Parmi les participants il y avait aussi des dirigeants d’entreprises plus grandes. On aura les jours suivants l’opportunité de visiter certaines d'entre elles, en s’engageant dans des voies secondaires (en terre battue, avec, à certains endroits, comme des pavés en bouteilles de plastique écrasées, ou bien « à dos d' âne », avec de profondes dépressions - parfois inondées – qu’il faut descendre et remonter). L’une des entreprises gère un laboratoire d'analyses médicales (et bientôt un autre dans une petite ville de l’intérieur), avec un niveau d’exigence à laquelle je ne m'attendais pas, et en plus, elle importe et distribue des produits sanitaires dans tout le pays (également à des organisations internationales qui opèrent dans le malheureux Est, affligé depuis des décennies par une guerre civile féroce et maintenant aussi par le virus Ebola). Une autre entreprise construit de manière professionnelle sur de petites et très chères parcelles de terrain à bâtir de cette mégapole compliquée; les nouvelles maisons s'élèvent au-dessus d’une mer de cabanes et de barraques, qui, nous l'espérons, pourront elles aussi, tôt ou tard, se développer et se consolider. Une autre - encore en phase de consolidation - transporte des produits agricoles depuis des zones semi-isolées de l'intérieur vers la ville, en s'aventurant dans des routes en mauvais état avec deux anciens et glorieux camions Mercedes repeints à neuf; leurs moteurs ont été trouvés sur le marché européen de l'occasion par les partenaires espagnols qui ont souhaité donner sa chance au projet; entre autorisations et transport maritime il aura fallu un an pour les faire parvenir, ce qui nous en dit long sur la difficulté de gérer des entreprises sous certaines latitudes.

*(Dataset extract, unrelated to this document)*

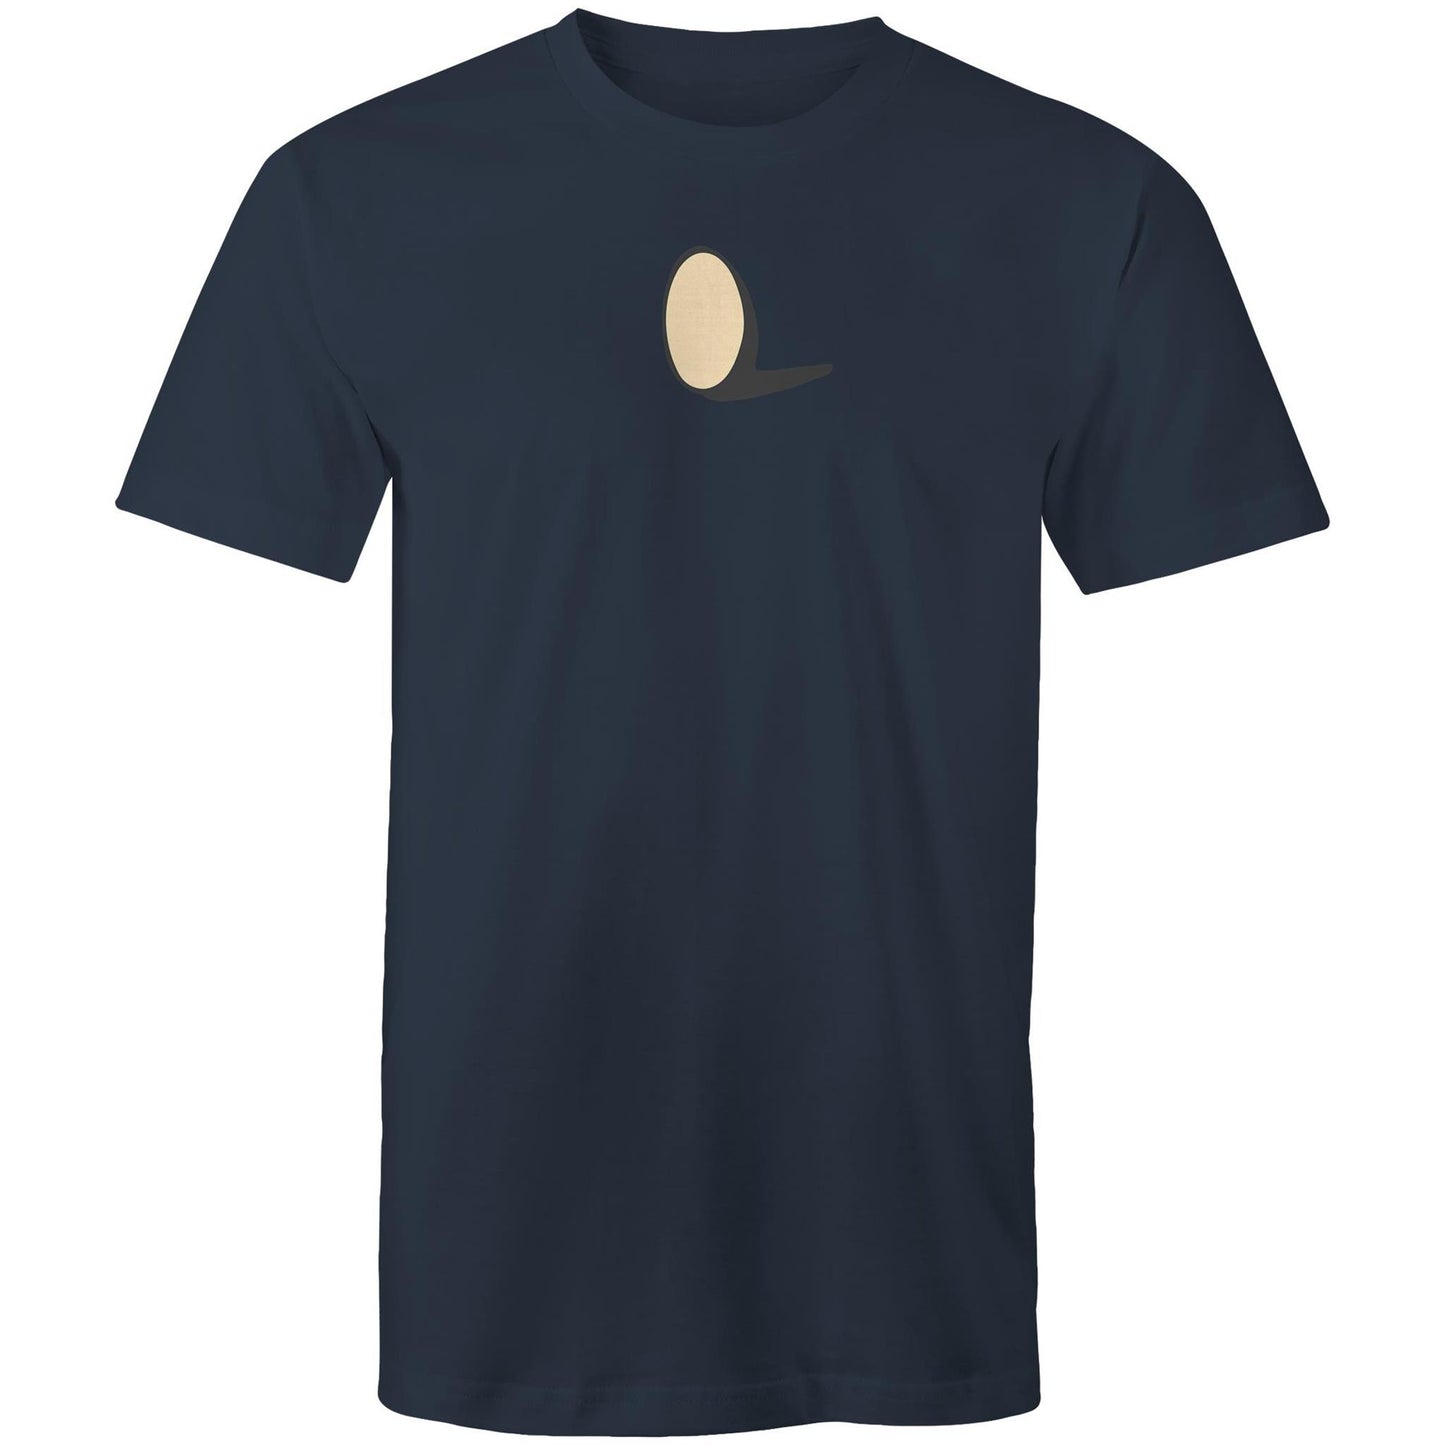 Egg T Shirts for Men (Unisex)

De retour à l'aéroport, nous parvenons à échapper à la curiosité pointilleuse de la police de la circulation, toujours à l’affût de trouver - que sais-je? - un miroir fissuré, alors que les véhicules roulent ici sans phares. Mais cela suffit pour pouvoir négocier quelques dollars avec les automobilistes, ce qui ne remontera guère à l'institution compétente (j'ai dit « dollars » et non « francs congolais », car ceux-ci ne sont utilisés que pour des affaires mineures). Par contre nous rencontrons un spécimen du célèbre agent robot (de conception et de production congolaise) qui ouvre ou ferme les bras pour réguler le trafic chaotique aux intersections.
Je pense à cette partie de notre communauté mondiale, avec sa population si pauvre mais si riche, riche non seulement en ressources naturelles (trop nombreuses, d'où beaucoup de ses problèmes), mais aussi en capital humain (si vous ne connaissez pas certaines fonctions de votre smartphone, le premier jeune qui passe ici pourrait vous donner un cours de remise à niveau rapide), riche aussi en générosité. Certaines caractéristiques, individuelles et collectives, font défaut. L'Économie de Communion peut en apporter une bonne dose. Et aussi un peu de lumière.